BufferedReader in = null;
    try {
        in = new BufferedReader(new FileReader("dark.txt"));
        String read = null;
        while ((read = in.readLine()) != null) {
            read = in.readLine();
            String[] splited = read.split("||");
            for (String part : splited) {
                System.out.println(part);
            }
        }
    } catch (IOException e) {
        System.out.println("There was a problem: " + e);
        e.printStackTrace();
    } finally {
        try {
            in.close();
        } catch (Exception e) {
        }
    }

The text file is formatted as follows

17||Dark Soul Endor||Dark||2||1||Human||Main Characters||5|500000||833||126||78||23||Release of Spirit - Dark||Dissolve all Light Runestones to inflict Dark on all enemies||Power of Dark||Dark Attack x 150%

However when I tried and printed it I got this

1

8

|

|

D

a

r

k

and so on

3
  • You should try: read.split("\\|\\|"); Commented Oct 1, 2014 at 9:08
  • Use StringTokenizer then you can specify "||" as the token and get the required output Commented Oct 1, 2014 at 9:14
  • @Mobility I thought StringTokenizer used regular expressions also.
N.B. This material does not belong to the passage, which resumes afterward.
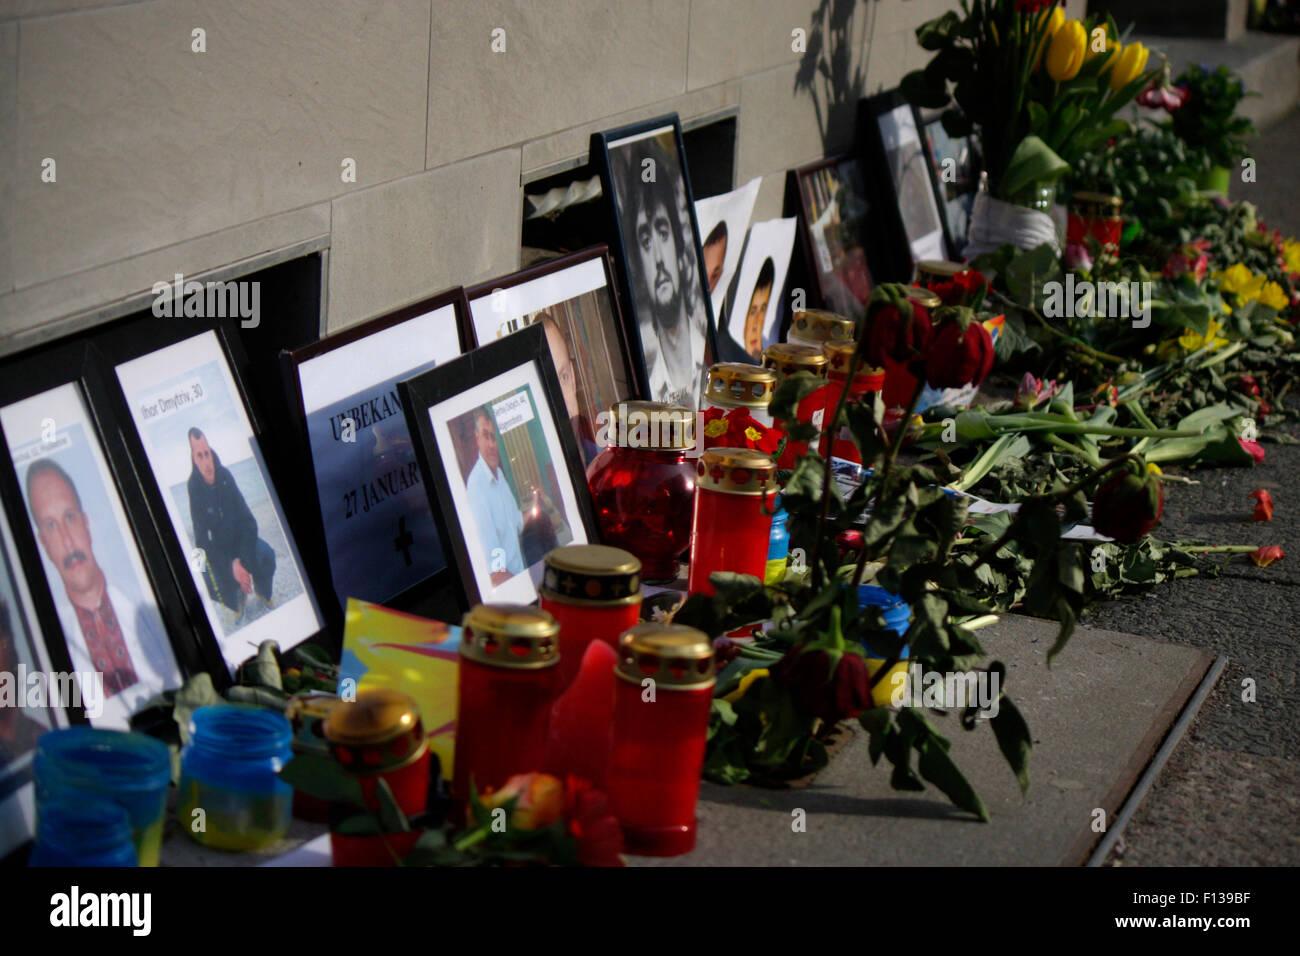 Bilder der am Maidan Platz in Kiew getoeteten Demonstranten an der ukrainischen Botschaft, 1. Maerz 2014, Berlin - Stock Image
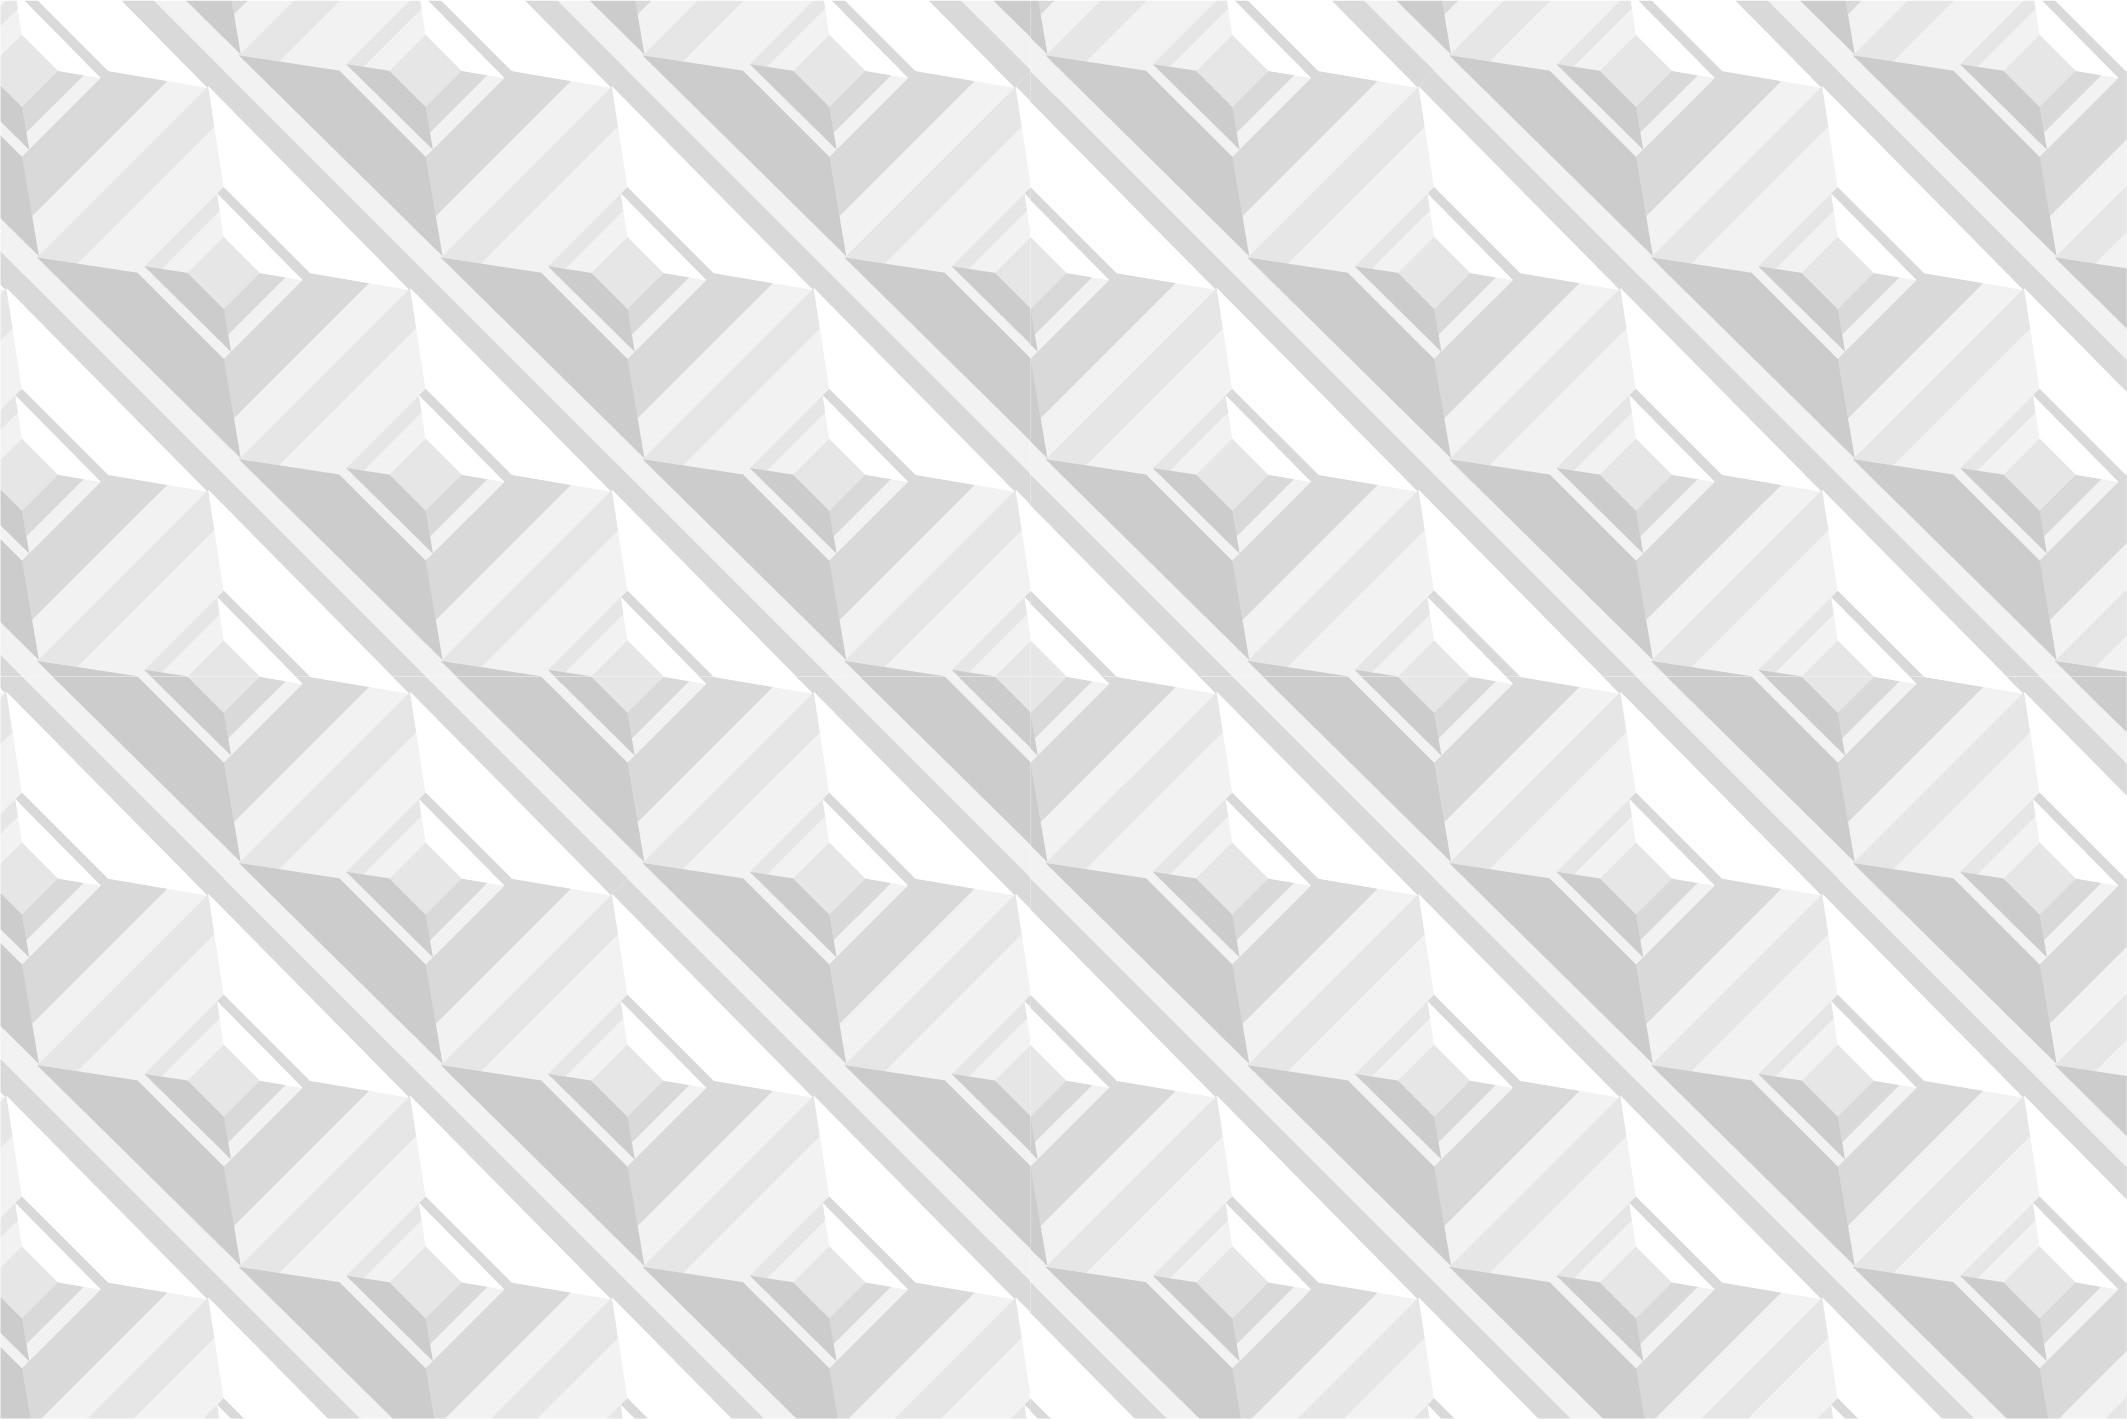 White geometric 3d seamless textures example image 11

Commented Oct 1, 2014 at 9:15

4 Answers 4

2

Regular expression have special tokens such as | which don't mean | literally, but in this case mean OR. i.e. in this case "" OR "" OR "" When you match by empty string it splits each character into it's own string.

What you intended was

String[] splited = read.split("\\|\\|");

You might be wondering, why two \\| and not \| The reason is that \ has a special meaning in Java and regular expressions. When you write \\| in Java it becomes "\|" as a string, i.e. two characters, which as a regular expression is | literally, instead of a special token.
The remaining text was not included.